The people who listen to and practice Jesus’ words and who are thus becoming the embodiment of God’s temple have entered into a new human life. Jesus unpacks this kind of life – we aren’t predisposed to anger, slander, contempt, lust, lying or any other sins that can hide in the shadows of the human heart and remain untouched by external regulations. Rather, “temple-embodying” people are naturally and easily forgiving, reconciling, trusting, healing, loving and transforming from the inside-out.
Jesus then moves into the kind of prayer life “temple-embodying” people have. It’s a life of prayer that seeks God’s name to be hallowed on earth as it is in heaven; that seeks God’s kingdom to come on earth as it is in heaven; that seeks God’s will to be accomplished on earth as it is in heaven. “On earth as it is in heaven” is what the temple is all about! Jesus’ apprentices will live and pray and breathe “heaven-on-earth.” Like the temple, they will become a place of worship, a place of faith, a place of forgiveness, a place of righteousness, a place where heaven and earth truly meet.
As Jesus progresses further into the inward life of “temple-embodying” people in the remainder of his sermon, the climax of his sermon in Matthew 7:21-29 just makes sense. Israel has failed to be this kind of people, God’s people. So God is judging them for their failures. The temple, the center of their faith and identity as God’s people, will be destroyed. In the form of the Roman army, the rains are coming, the streams are rising and the winds will beat upon the temple… and the symbolic heart of Israel will fall. But those who hear Jesus, do what he says, and embody the “heaven-on-earth” reality of the temple will stand in the midst of the raging storm.

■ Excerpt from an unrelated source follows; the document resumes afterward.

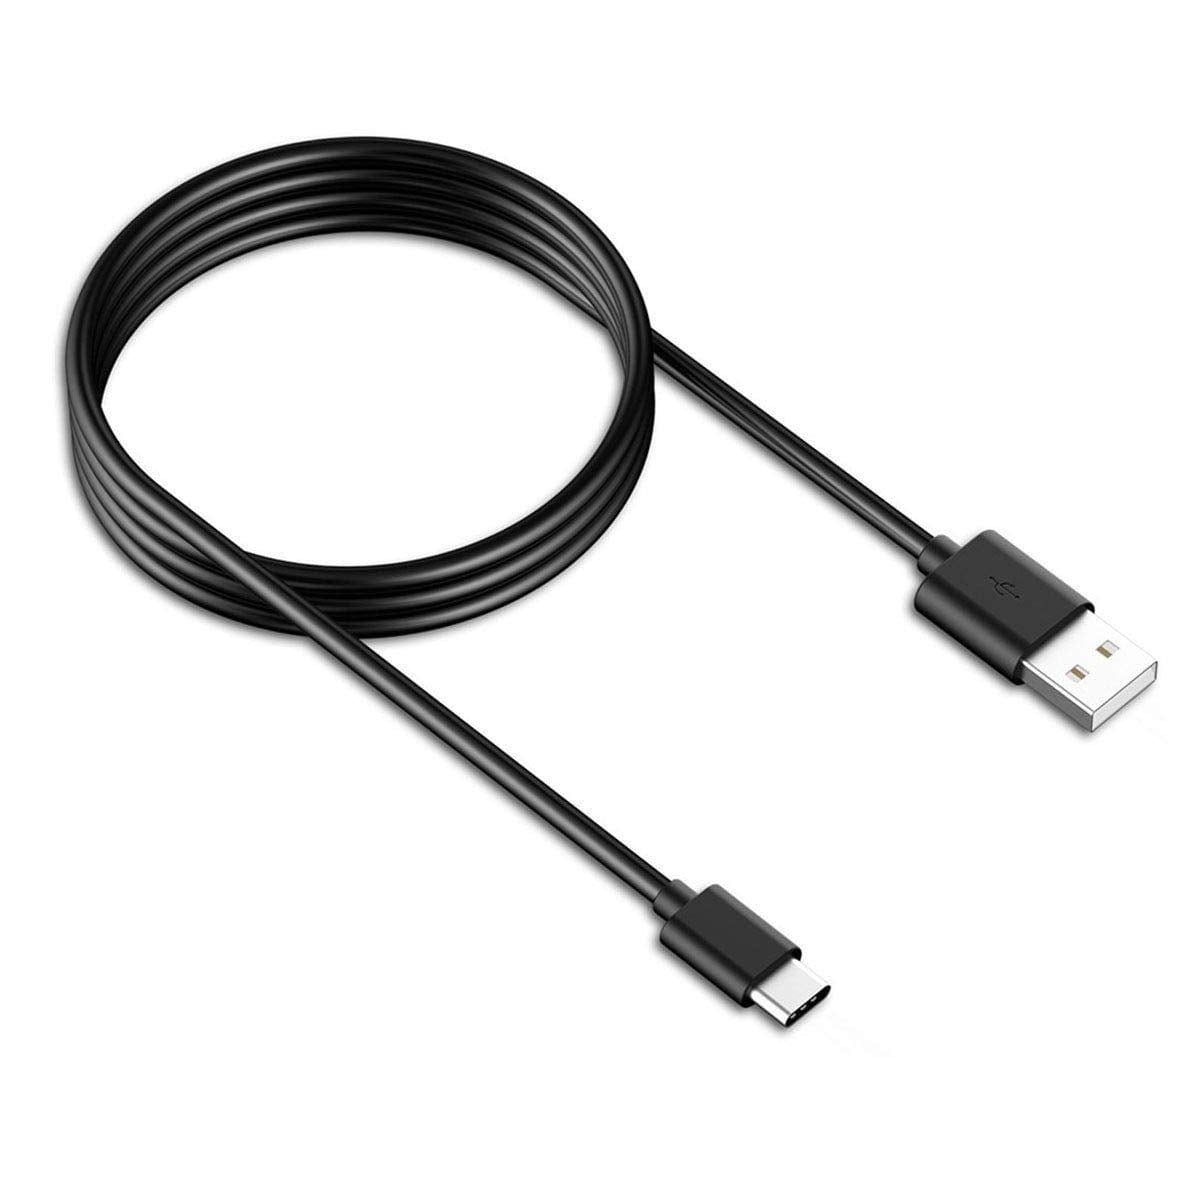 Samsung Galaxy A20e USB to Type C Charging Cable Lead Black - 1M - SmartPhoneGadgetUK

And the same is true today as it was in Jesus’ day. What has become our distorted symbols of distinction and superiority over each other or the world? Regular church attendance or “community life”? Adherence to one ethical code of conduct over another? Spiritual gifts or spiritual fruit? Political conservatives or political liberals? Postmodernity or modernity? Emerging or established? Institutional or organic? Sermons or art or witnessing or leadership or mission or worship? Whether it is ethically, spiritually, ecclesiologically, or politically, there are many things that can become to us what the distorted symbol of the temple had become for Jesus’ contemporaries.
Therefore, Jesus’ words still ring with fresh prophetic impact. Abandon the false stories. Gather around him. Listen to his words. Practice his words. Become his people, his followers, his apprentices. Embody his life. That is our salvation.